Father's Day. Ugh! Why do we have these holidays? It seems to me that there isn't a holiday out there that divides up the Haves and the Have Nots like Father's Day. Every year the posts are there. I scroll down my Facebook news feed and there they are. Tributes and photos of beaming fathers and smiling daughters. Accolades. Special memories. He was, to them, a source of wisdom and strength, a friend, a rock.
With each post, I wince. My heart cries out. Not only for my own pain but also for the pain of so many who will never know that kind of love and care and support and security.
There seem to be so many of us who hurt. Death, divorce, desertion, dysfunction. The entire country is buying cards and giving presents and having cookouts to celebrate a relationship that is beyond the comprehension of so many. A Hallmark spotlight on a gaping hole.
The fix for us, supposedly, is to just think of God as our father. If I had heard this once I have heard it a thousand times. As if it is that simple.
Part of the problem comes in the word itself. Father. Just the word means so many different things to people. What does father mean? What is a father like? What does a father do? It is like vocabulary class. Learning a definition. And if we learn the wrong definition of what a father is, then we will view God in that very same way. This "think of God as your father" just doesn't help very much after all.
For some people the very word "father" stirs up confusion or frustration, sadness or terror. Depending on their experience, they view God as a cosmic form of their earthly father. God as cruel taskmaster. God as demanding perfectionist. God as detached workaholic. God as groping rapist. God as disinterested. God as powerless. God as gone.

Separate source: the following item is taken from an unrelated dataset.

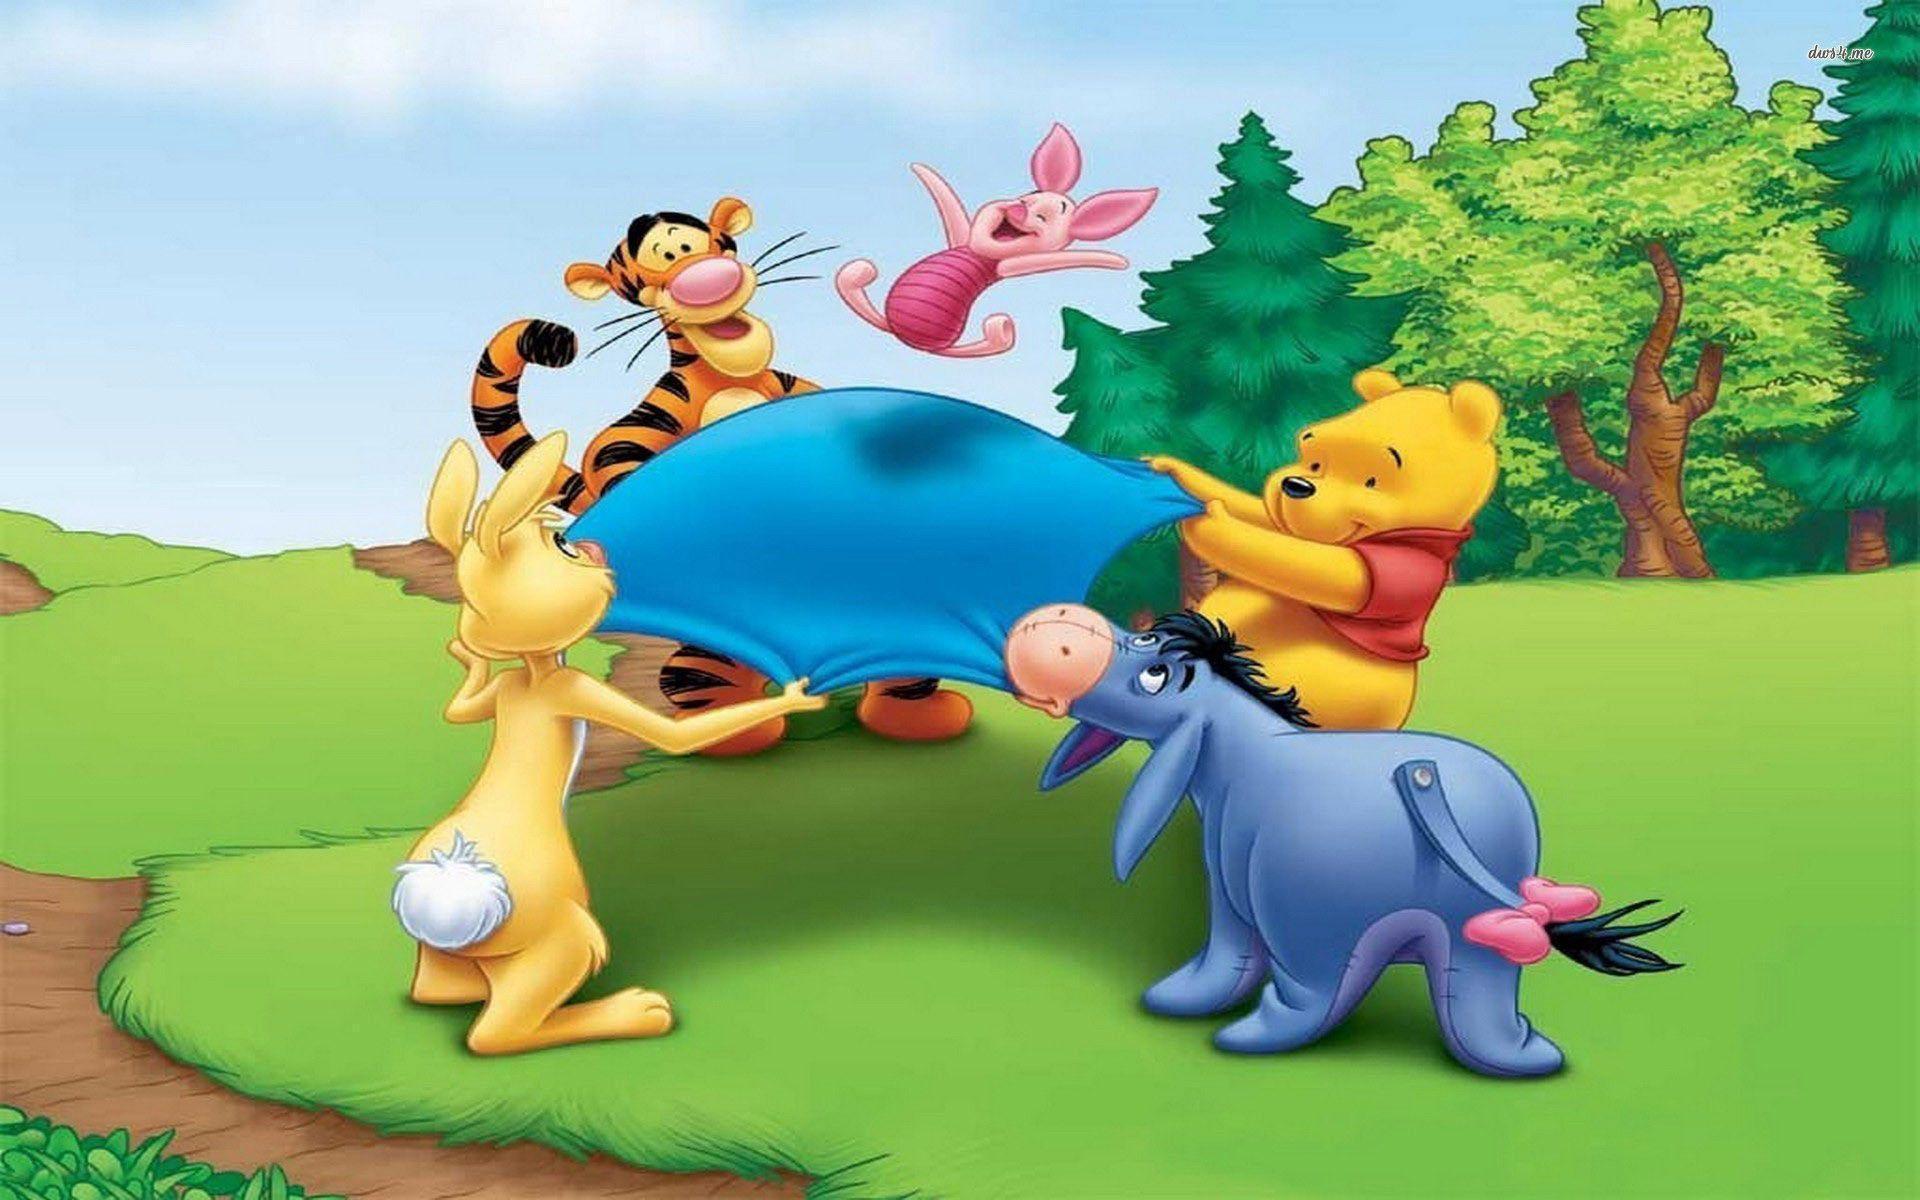 Wallpaper Winnie The Pooh: Winnie The Pooh Wallpapers

It has taken me years, and will take me many more, to get around this and to learn that the very definition of "father" that is etched in my soul is wrong. I have started on the path of learning anew what a father really is.
In the 1986 movie Crocodile Dundee (watch clip here), the main character and his girl are held up by a gang of thugs. One pulls out a switchblade and demands his wallet. The girl says "Give him your wallet. He's got a knife." And, in the most famous line of the movie, Crocodile Dundee pulls out a huge machete and says, "That's not a knife. THAT'S a knife!"
So to all my dear friends who struggle with God because of the pain associated with an earthly father, I say to you "that's not a father." And after examining the character of God...God as merciful. God as compassionate. God as wise. God as creator. God as protector. God as ever present. God as completely and utterly safe...I proclaim, "THAT'S a father!"